Accountants can’t ignore FASEA repercussions

05-Mar-2018

By Krystine Lumanta

Accounting firms must ensure their financial planner partners, referral arrangements and in-house advisers will meet the Financial Adviser Standards and Ethics Authority (FASEA) requirements, and also consider the wider impact of the incoming education framework.

At the recent Institute of Public Accountants 2018 Victoria Congress in Lorne, Victoria, Deakin University associate professor and director for financial planning Adrian Raftery said: “If you’re going to be referring your clients to a financial planner, you need to know what he or she is going to be doing for 2023.

“Talk to the financial planner you use in your business and find out what they’re doing because 75 per cent of financial planners in Australia do not have a degree in financial planning.

“Are they already qualified? If not, are they going to do further studies?

“If not, are they retiring or selling the business? Who are they selling the business to and are you comfortable with the new adviser, and could they try to take your clients because they already have an accounting arm? These are all concerns.”

Furthermore, if an adviser decides to undertake further study, that does not mean accountants will be free of any issues, Raftery said.

“Can they take on extra work?” he said.

“Because they’ve got to find an extra 10 hours a week for studying, on top of everything else.”

He also urged accountants to consider having a back-up plan for these scenarios with their adviser, as well as check the insurance policy of their accountants.

“Perhaps you need to increase your insurance [on your business to protect your client base] - maybe you need to do some studies yourself and become a financial planner,” he said.

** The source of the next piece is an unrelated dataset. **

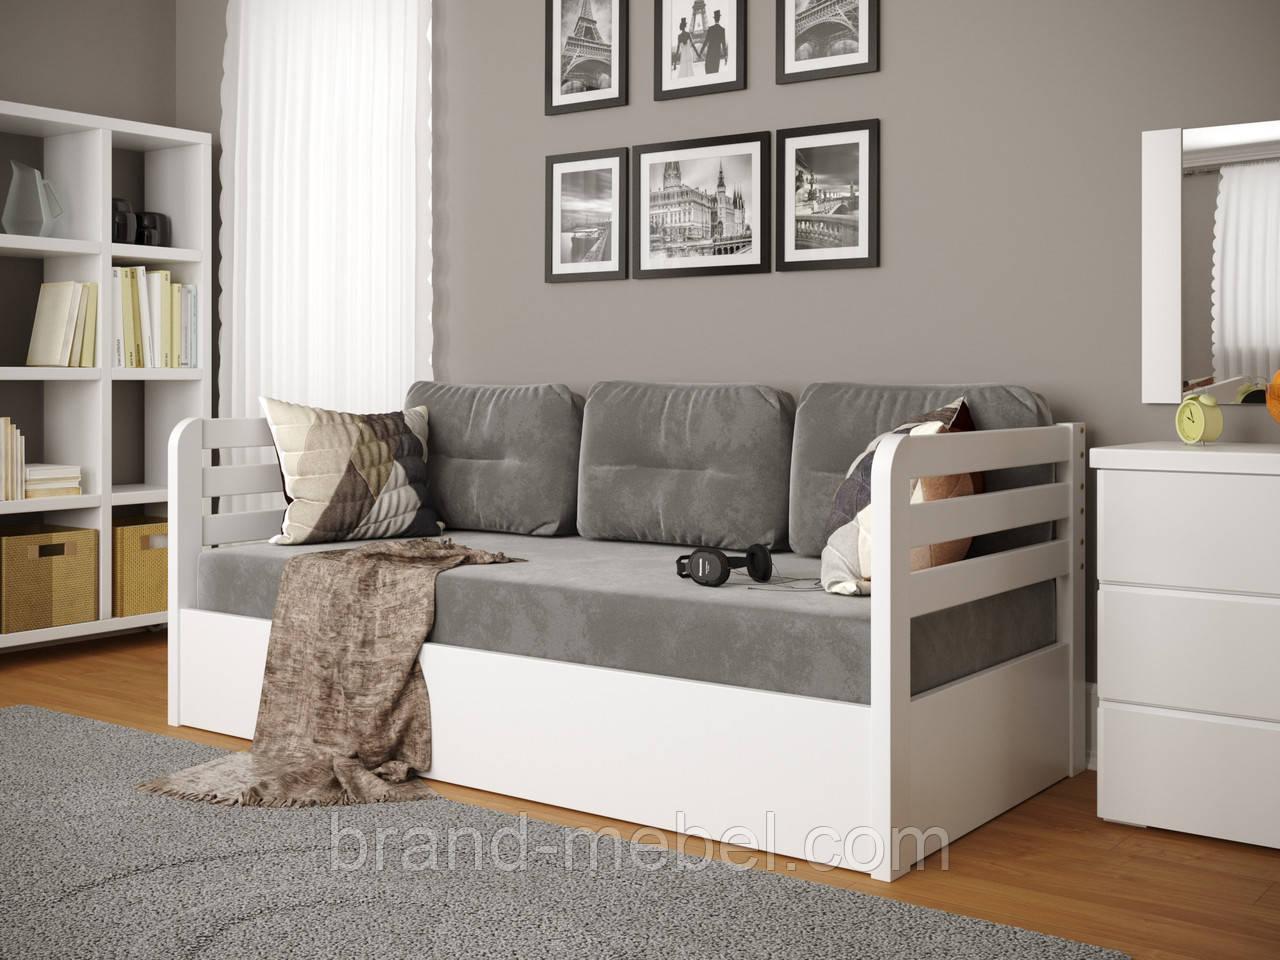 Дитяче односпальне дерев'яне ліжко Немо Люкс / Детская деревянная кровать Немо Люкс

“Or could you get some of your staff to do further study in financial planning and so you can add that arm to your business.”

Commenting on firms using offshoring for their advice operations, he said they will also need to meet the education requirements set by FASEA and have working rights.

“If they’ve got a financial planning designation already, FASEA will be assessing whether it’s appropriate and whether they’ll need to complete other sources [of education],” he said.

“But we don’t know what this will be and it may be a while yet.”

Last month, FASEA chief executive Deen Sanders said financial adviser designations and experience do not equate to qualifications under the framework the authority is establishing.